I don't think ScanKeys are the right place to store information about
what columns would be useful. See another thread[2] about that topic.
Yeah, it is not a good example. The examples below are better examples. The scan keys are not sufficient to get all the columns, but AFAICT, it is this callback that is exploited in the patch.
> Another example of where this can be useful is to optimize access
> during a sequential scan when you can handle some specific scans very
> efficiently and can "skip ahead" many tuples if you know what is
> being
> looked for instead of filtering "late". Two examples of where this
> could be useful are:
>
> - An access method that reads data from a remote system and doesn't
> want
> to transfer all tuples unless necessary.
> - Some sort of log-structured storage with Bloom filters that allows
> you to quickly skip suites that do not have a key.

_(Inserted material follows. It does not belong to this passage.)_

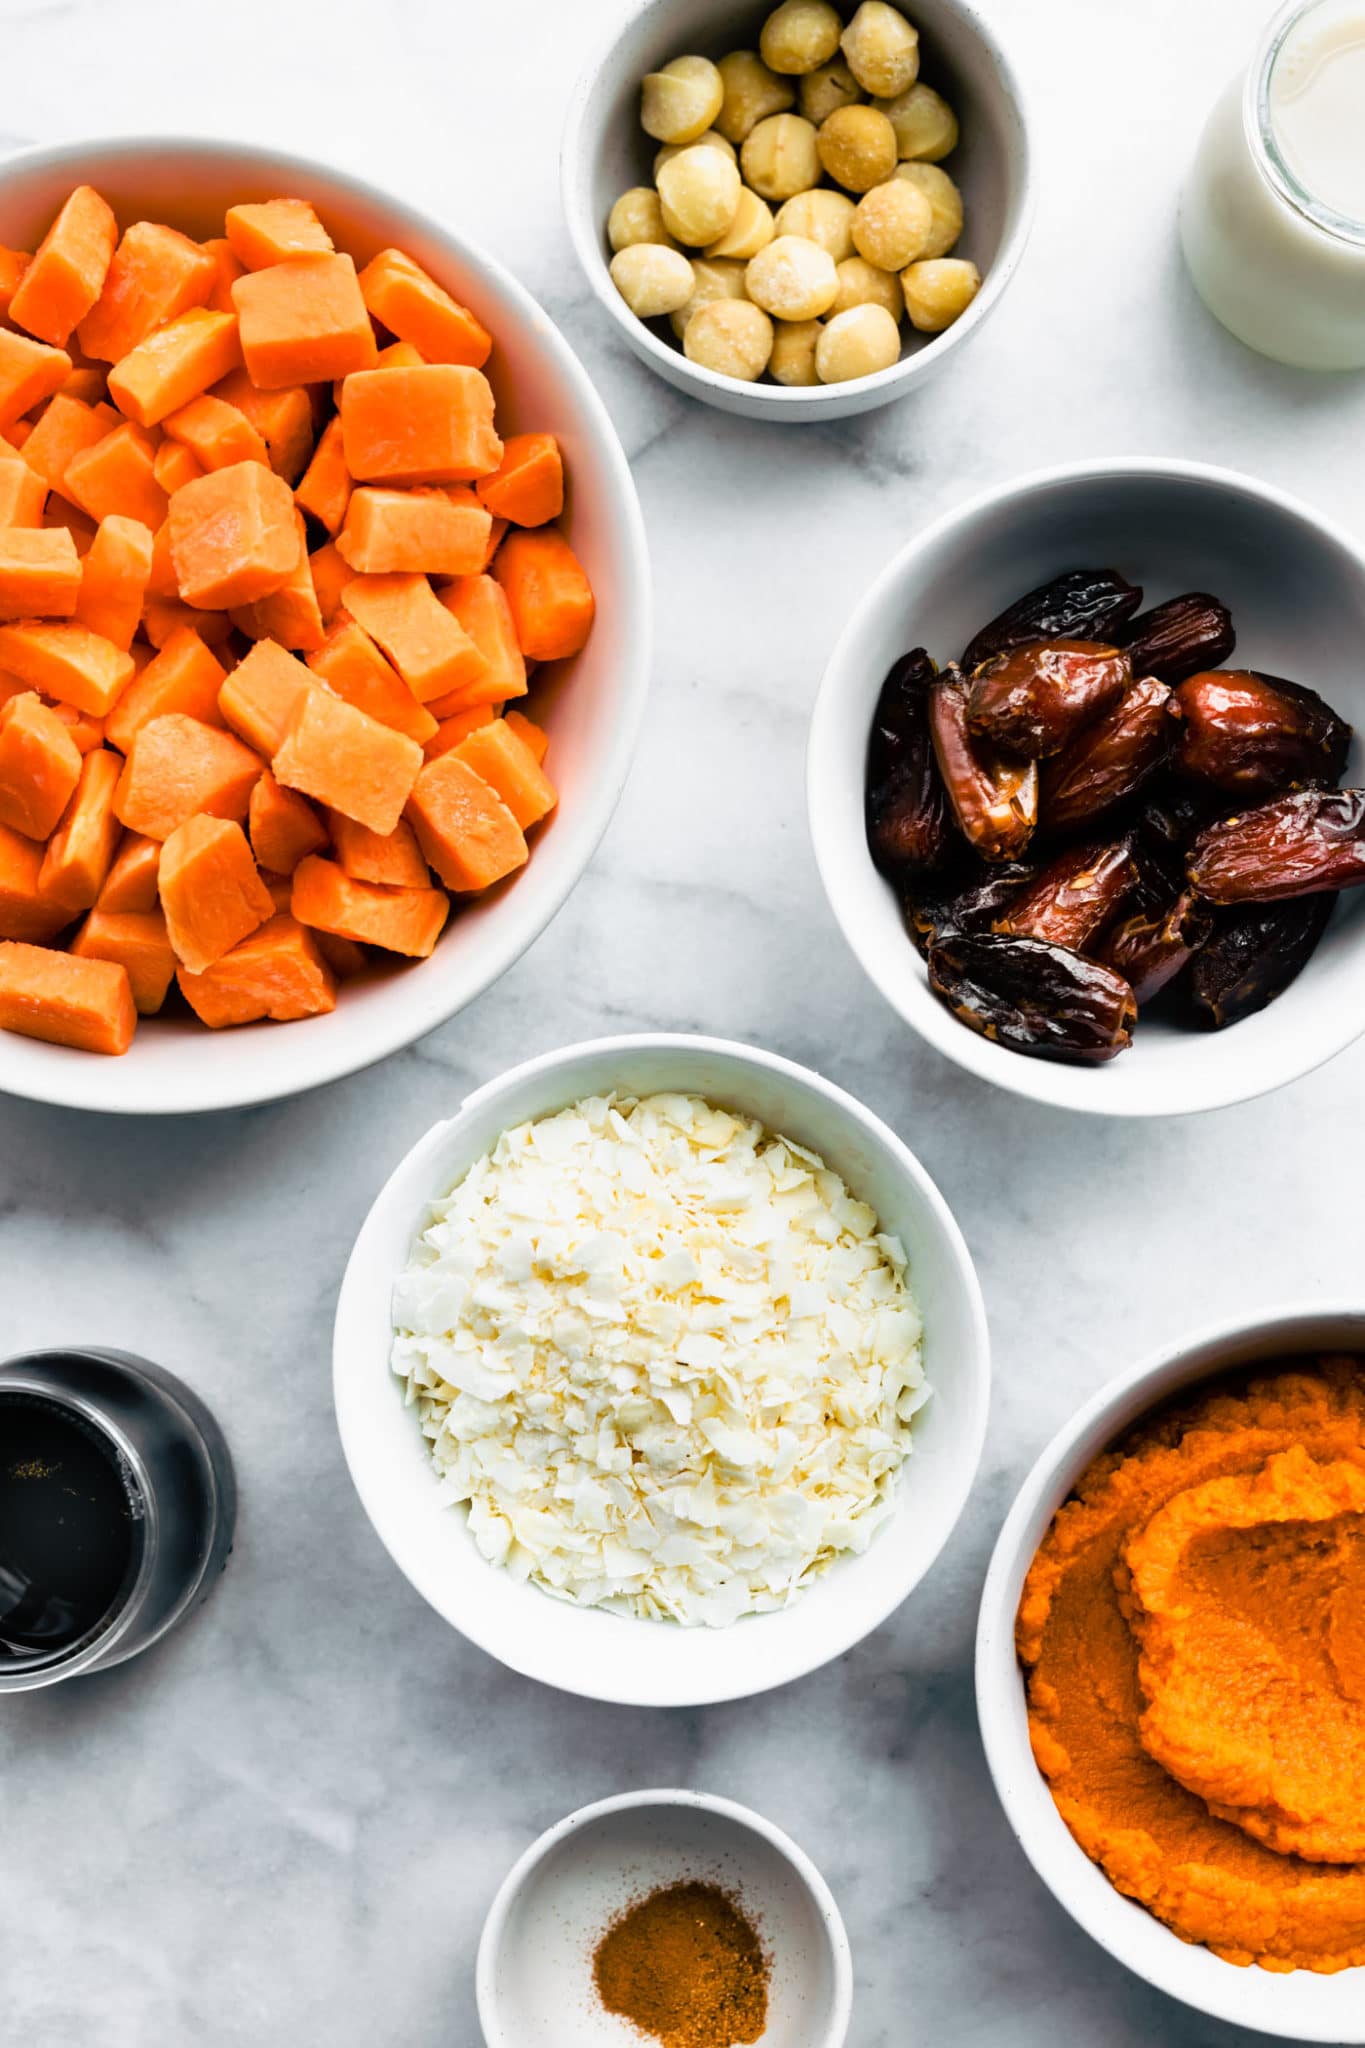 Ingredients for vegan sweet potato casserole in small white bowls

I agree that would be very conventient for non-heap AMs. There's a very
old commit[3] that says:
+ /*
+ * Note that unlike IndexScan, SeqScan never use keys
+ * in heap_beginscan (and this is very bad) - so, here
+ * we have not check are keys ok or not.
+ */
and that language has just been carried forward for decades. I wonder
if there's any major reason this hasn't been done yet. Does it just not
improve performance for a heap, or is there some other reason?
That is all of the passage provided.